Diploma engineering students, teachers oppose course reduction
If it is implemented, diploma engineers in the workplaces will be devalued nationally and internationally, they added
A group of diploma engineering students, teachers called for stopping the initiative of the education ministry to reduce the four-year Diploma Engineering course to three years.
Under the banner of Bangladesh Diploma Engineering Students-Teachers-Peshajibi Sangram Parishad, they put forward the demand at a press conference at Dhaka Reporters' Unity on Tuesday.
At the programme, the leaders of the platform placed their four-point demands including halting the education ministry's suicidal initiative to course reduction, amending the definition of the Bangladesh National Building Code (BNBC)-2020 and some of its sections.
In a written statement, Mirza ATM Golam Mostafa, member secretary of the organisation, said the unreasonable and hasty decision of the ministry will push the entire Diploma Engineering education system to the brink of destruction.
If this initiative is implemented, diploma engineers in the workplace will be devalued nationally and internationally and promotion in the workplace will be hampered, he added.
Golam Mostafa said such a decision is suicidal. This will make the country's diploma engineering courses of lower standard than the rest of the world. Diploma engineers will lose their salaries and dignity in the international job market.
On 24 May, the ministry formed a committee to reduce the four-year Diploma Engineering course to three years.
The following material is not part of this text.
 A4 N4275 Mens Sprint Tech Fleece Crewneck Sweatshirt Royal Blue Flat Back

Institution of Diploma Engineers Bangladesh (IDEB) general secretary Shamsur Rahman said "We appeal to the government to take necessary steps to modernize the four-year Diploma Engineering course curriculum to meet the challenges of the 4th Industrial Revolution."
At the end of the four-year course, six more months of practical work should be kept to connect with the industrial organisations, he opined.
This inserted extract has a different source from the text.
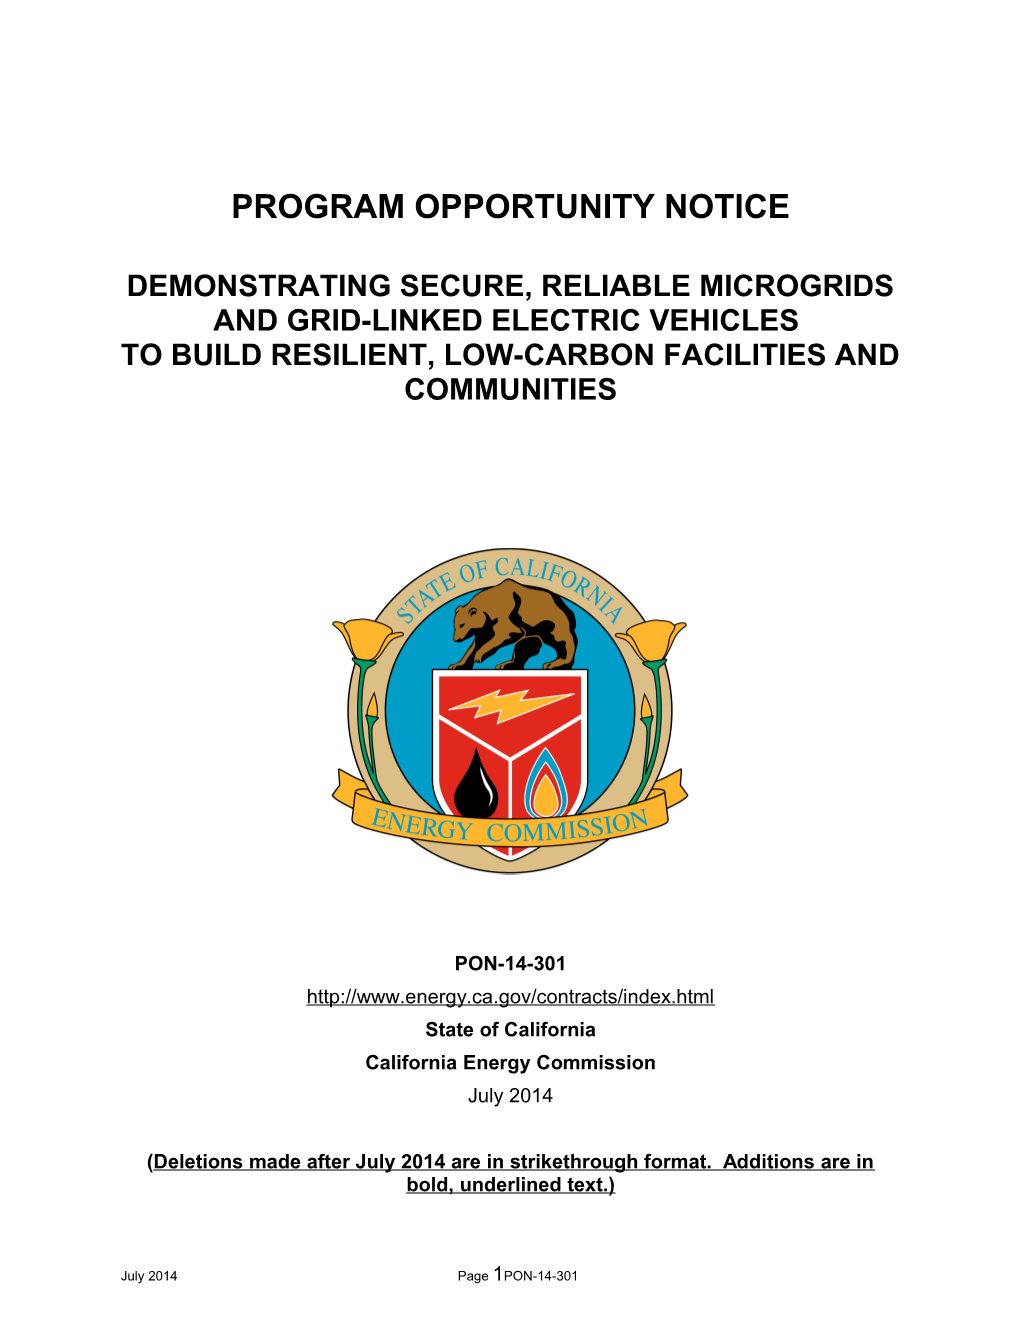 Program Opportunity Notice

Other demands include special increment for diploma engineers, increase in promotion quota to 50 %; to keep 1:5 ratio of degree and diploma engineers in government and semi-government, autonomous bodies, petrobangla corporations and various companies in the power division, determining the minimum salary and designation of diploma engineers working in the private sector and cooperation from the government to build them as entrepreneurs.
Their demands also include reduction of teaching staff shortage in Technical and Vocational Education & Training (TVET) institutes and polytechnic institutes and promotion of teachers and job regularisation of teachers appointed under the Skills and Training Enhancement Project (STEP).